Defendant argues that this unfairly prejudiced the jury against him, as the jury could well have anti-Muslim beliefs, and that any probative value of the evidence was outweighed by its prejudicial effect. This argument is based on Rule 403 of the North Carolina Rules of Evidence …[:] “[a]lthough relevant, evidence may be excluded if its probative value is substantially outweighed by the danger of unfair prejudice[.]” [This is a common provision, and tracks the Federal Rules of Evidence. -EV]
Whether to exclude evidence pursuant to Rule 403 is a matter left to the sound discretion of the trial court. A ruling by the trial court will be reversed for an abuse of discretion only upon a showing that the ruling was so arbitrary that it could not have been the result of a reasoned decision….
[R]elevant evidence is “evidence having any tendency to make the existence of any fact that is of consequence to the determination of the action more probable or less probable than it would be without the evidence.” Evidence that a defendant attempted to procure a false alibi from a witness is certainly relevant. The question, then, is whether the prejudicial effect of this information outweighed its relevance.
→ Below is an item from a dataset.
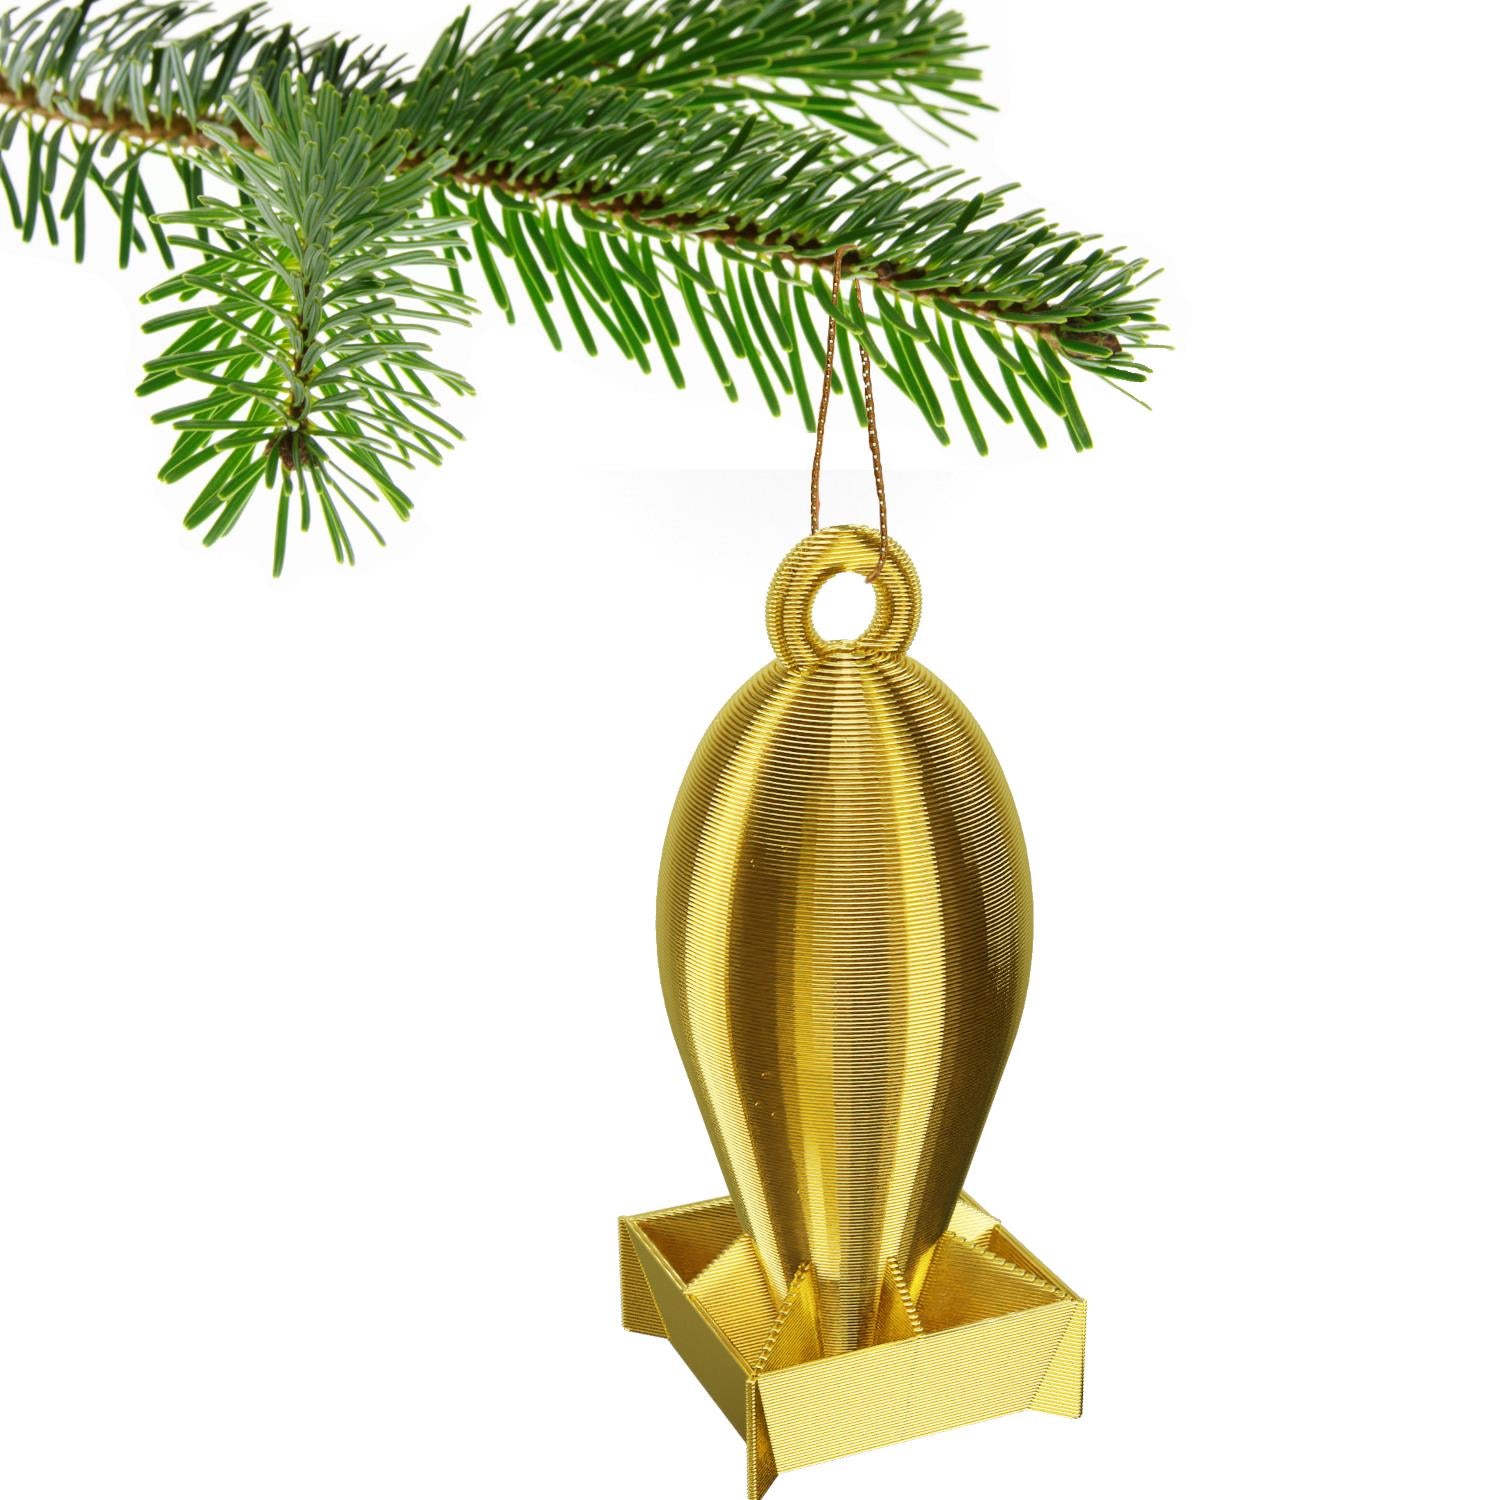 Barrage Balloon Christmas Bauble Decoration Ornament For Christmas Xmas Noel (Gold)

Defendant simply states that the jury probably had an anti-Islamic bias. Aside from the fact that a Bible was in the jury room, however, defendant presents no evidence to support this statement. Further, Brown testified that, per her religious beliefs, when defendant asked her to provide an alibi for him, she felt obligated to do so, which is why she initially testified that he had been with her at the time of the murder.
When the State asked her during voir dire whether her religious beliefs and the fact that defendant was of the same faith affected the way she reacted to defendant’s request, she testified: “You’re supposed to help them, assist them, if you can. You’re supposed to help him. That’s why I did agree to help him.” After listening to Brown’s testimony and recordings of the phone calls between her and defendant out of the jury’s presence, the trial court concluded that “defendant was using his religion as a mechanism to try to get this witness to testify in his behalf, and actually commit perjury; that it is relevant for that purpose, and it is not being offeredas a means to showing credibility[.]”
The court then went through the calls again and told the State which portions of each call could be played for the jury, a process which eliminated significant portions of each call that the court considered “just discussions of faith and nothing to do with the trying to influence her.”
Given the care with which the trial court handled this evidence, and given the fact that defendant cannot show that, without this evidence, a different result would likely have been reached, this assignment of error is overruled.